What is expected: Could you restate word for word only the lines below from the one holding "Ghetto Blaster remix" to the one holding "[26] Voorstel Europees", inclusive, and leave out the pictures?

Records for the task:
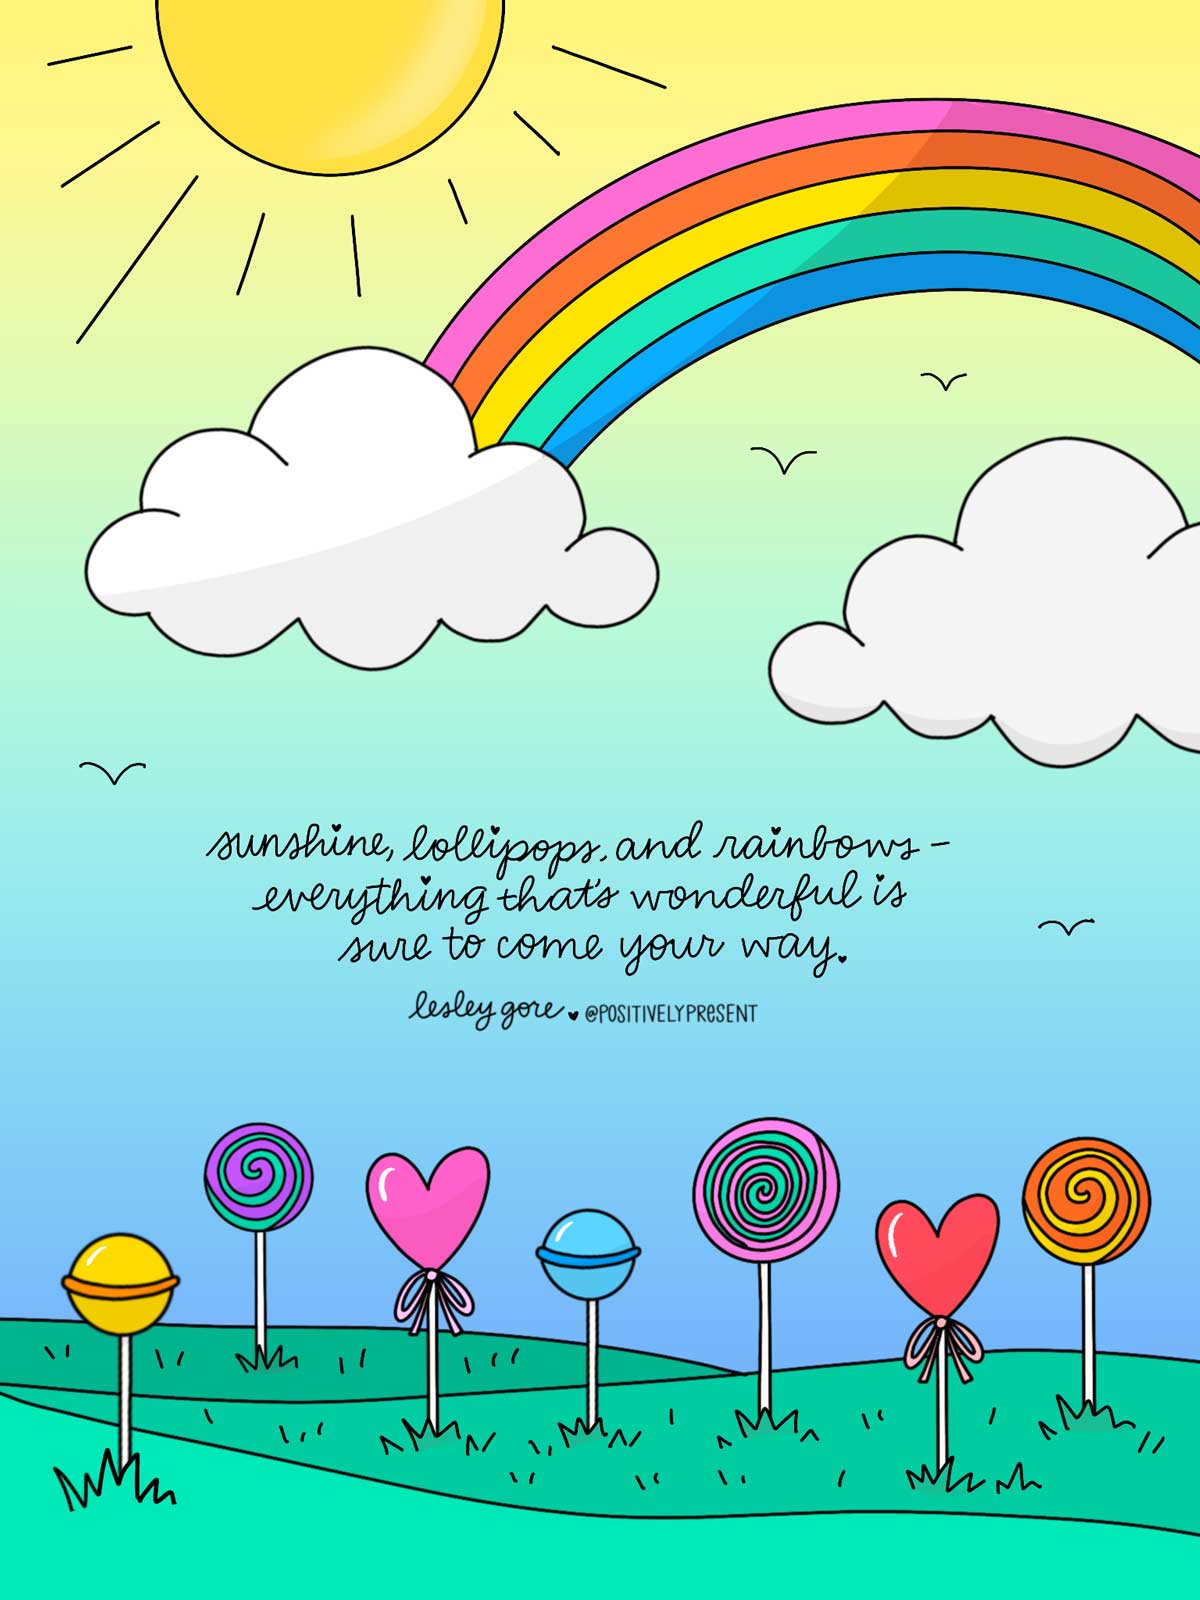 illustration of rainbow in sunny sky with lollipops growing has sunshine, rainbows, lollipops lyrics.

...

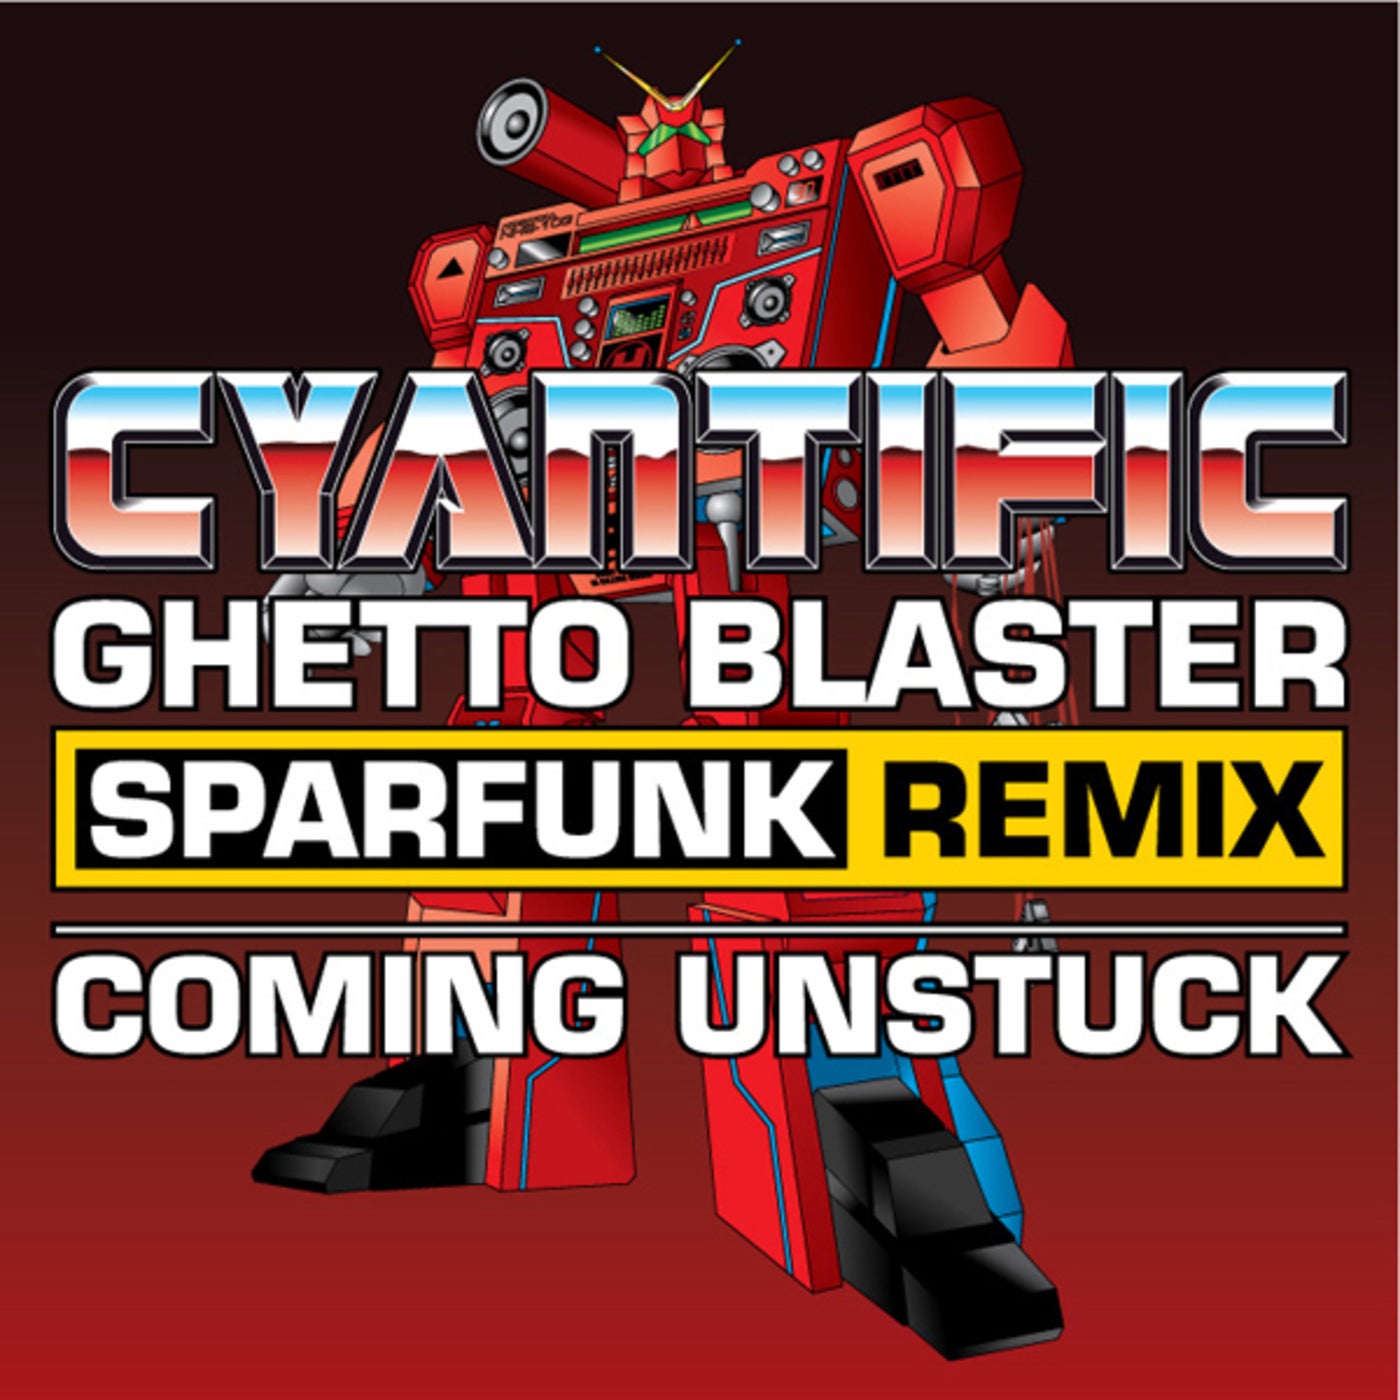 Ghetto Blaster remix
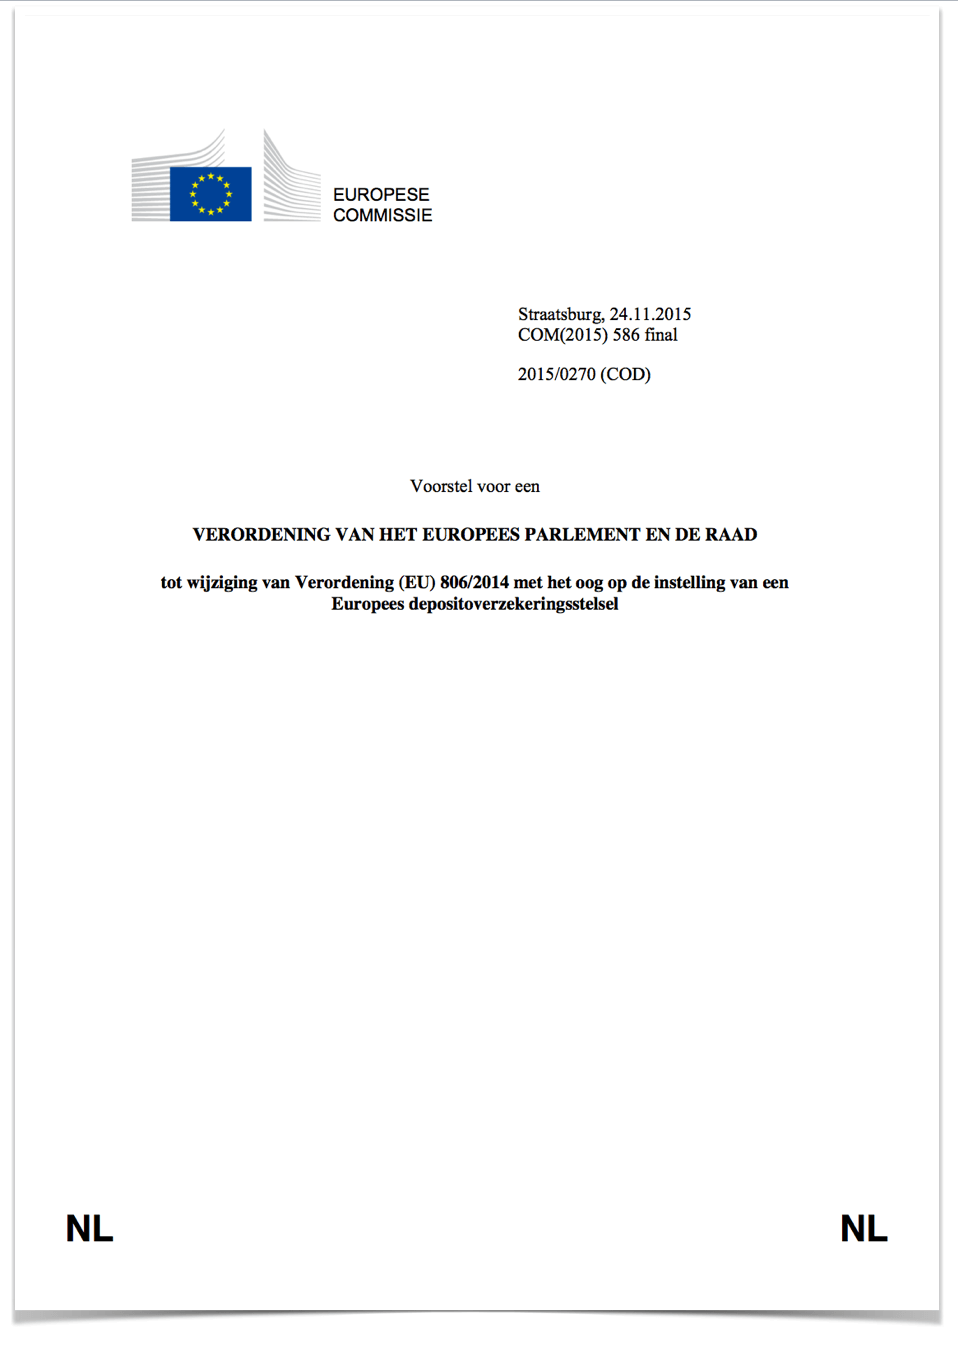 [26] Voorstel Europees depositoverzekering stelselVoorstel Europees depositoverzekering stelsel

---

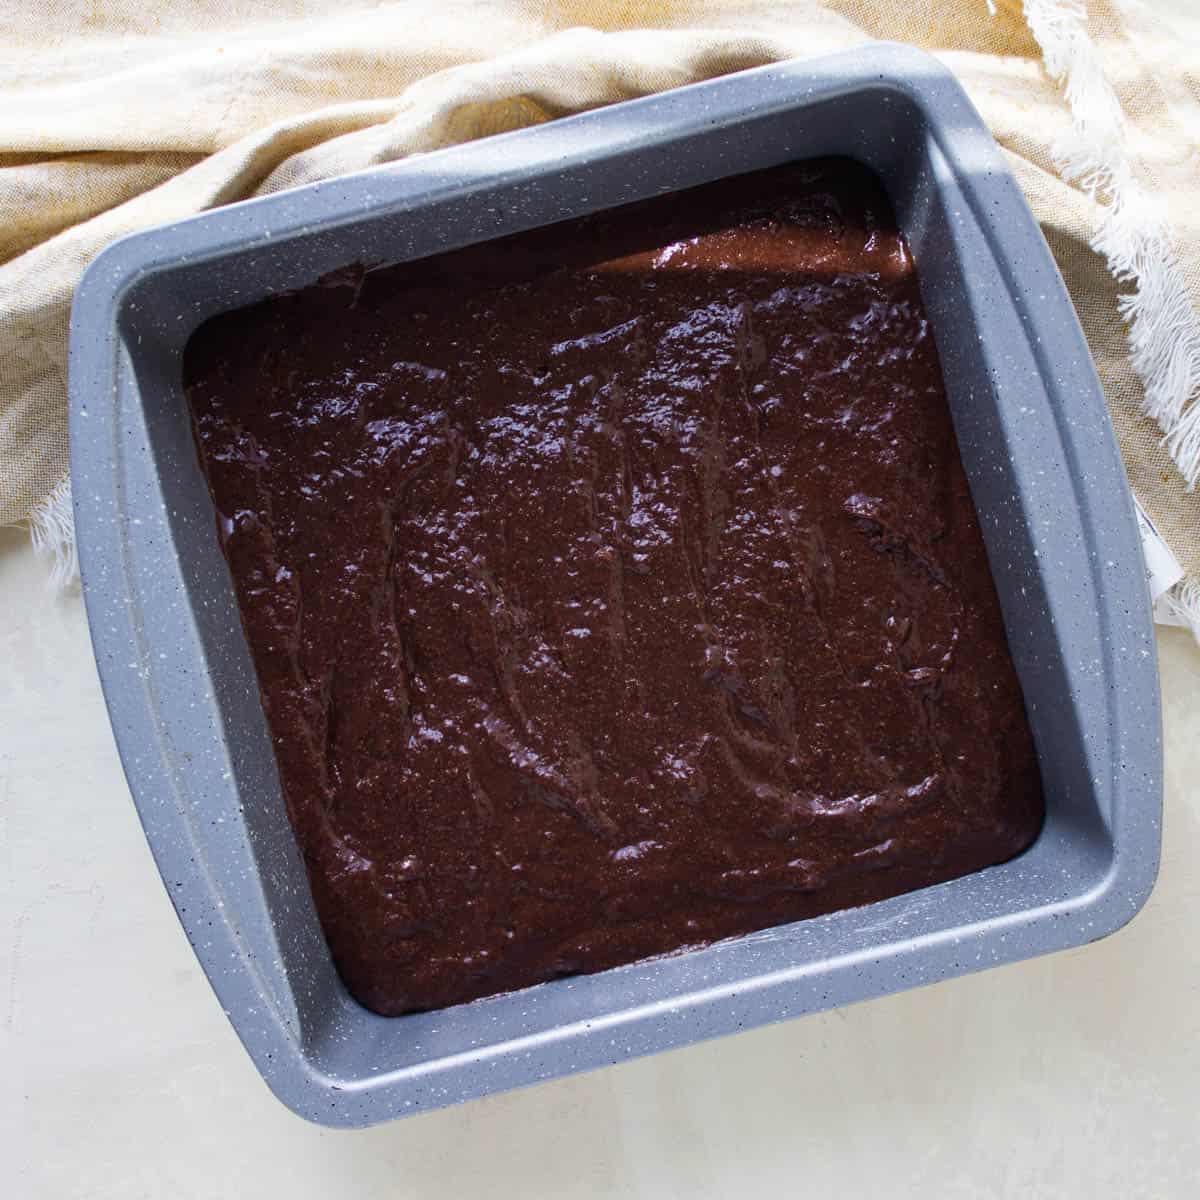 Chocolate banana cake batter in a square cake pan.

Answer below:
 Ghetto Blaster remix
 [26] Voorstel Europees depositoverzekering stelselVoorstel Europees depositoverzekering stelsel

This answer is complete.